По ее слезной просьбе водитель остановил маршрутку прямо напротив дома, в совсем не положенном для выхода пассажиров месте, и снова она бегом припустила через газон, так же бегом – под арку, через залитый утренним еще солнцем двор… Правда, во дворе пришлось затормозить резко и оглядеть цепким взглядом все лавочки: а вдруг Стас с Егоркой сидят где-нибудь поблизости, послушно ждут ее возвращения?… Никто ее не ждал конечно же. Торопливо простучав каблучками босоножек по ступенькам, она поднялась к себе на этаж, ткнула пальцем в кнопку звонка…

– Где? – совсем невежливо, совсем по-дурацки прозвучал ее резкий вопрос, будто камнем брошенный в показавшееся в открытой двери материнское лицо.

– Что – где? – опешила мама, давая ей дорогу.

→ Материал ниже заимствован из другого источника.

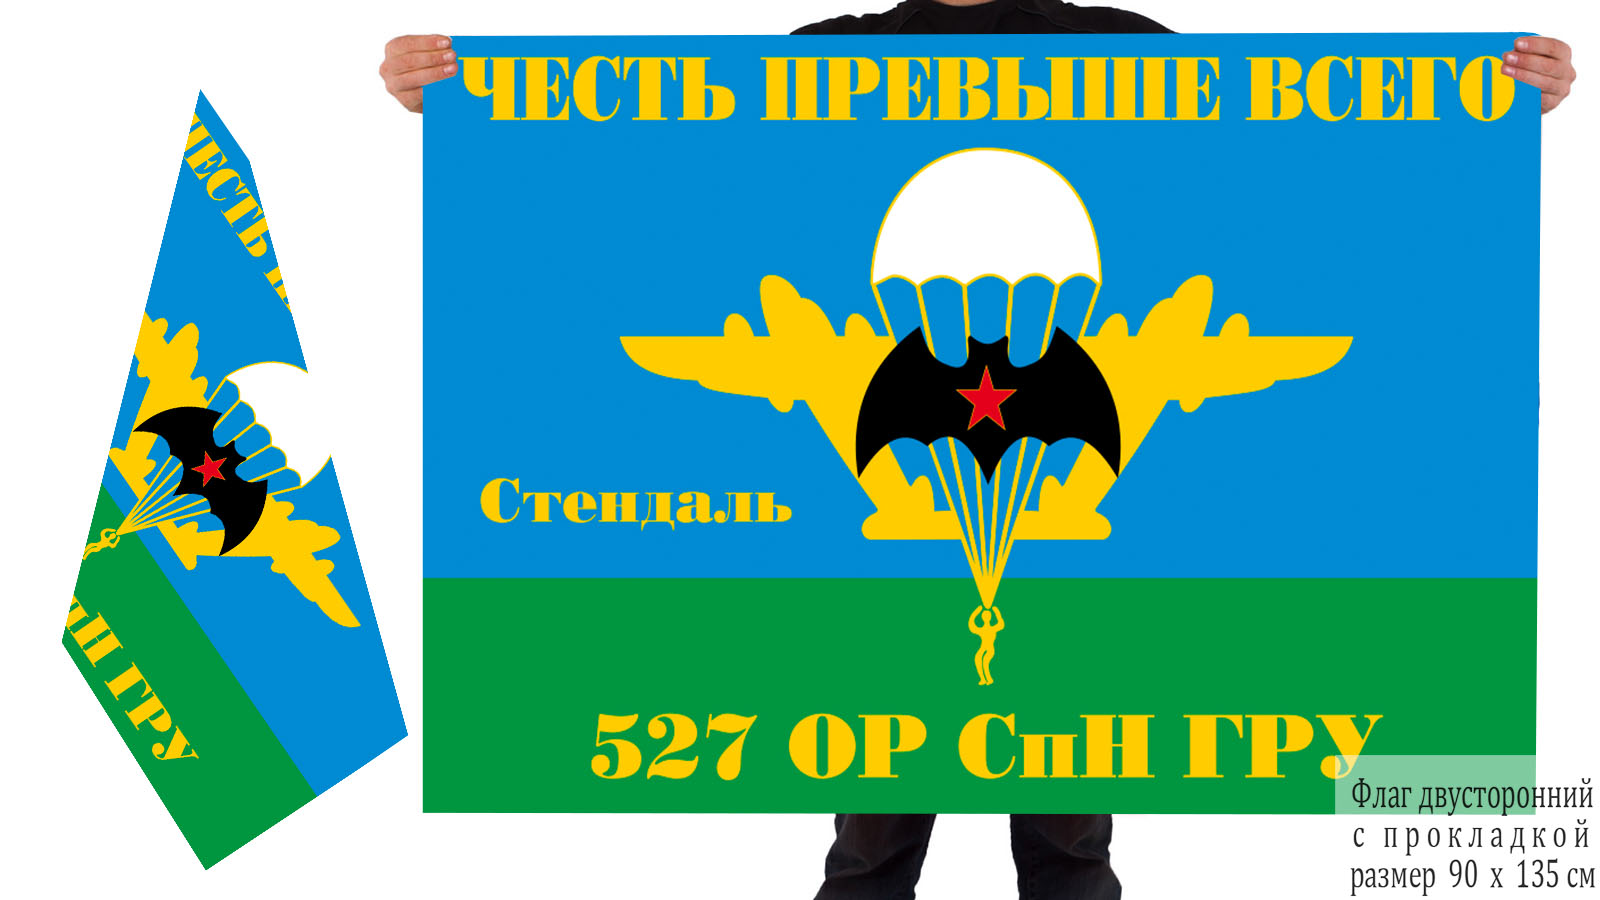 Двусторонний флаг 527 ОРСпН ГРУ
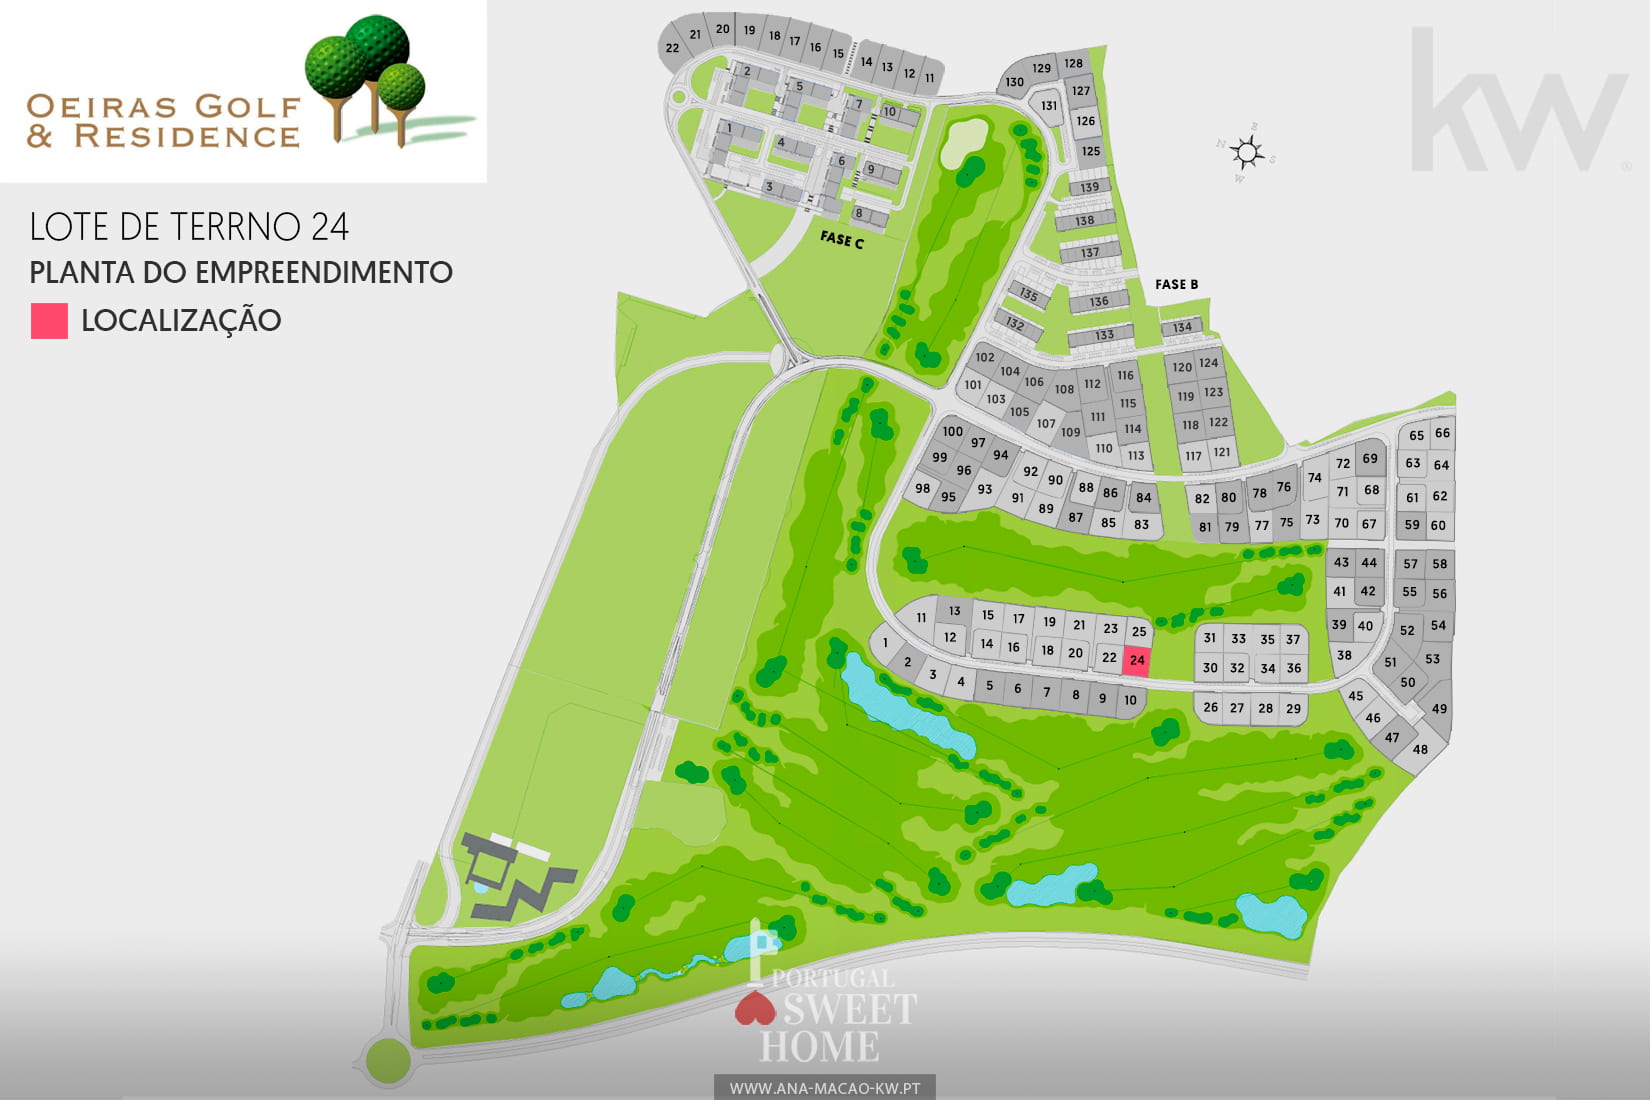 Oeiras Golf & Residence development map

– Телефон, говорю, где? – еще больше злясь, повторила Кира и протопала прямо в босоножках через коридор и завертелась по кухне, заполошно рыская глазами.

– Ты что? Совсем обалдела, дочь? – тихо, испуганно, почти шепотом проговорила мама, глядя на нее расширенными круглыми глазами. – Что с тобой случилось, Кира? Ты никогда раньше не вела себя со мной так… вызывающе! Что здесь произошло, пока меня не было?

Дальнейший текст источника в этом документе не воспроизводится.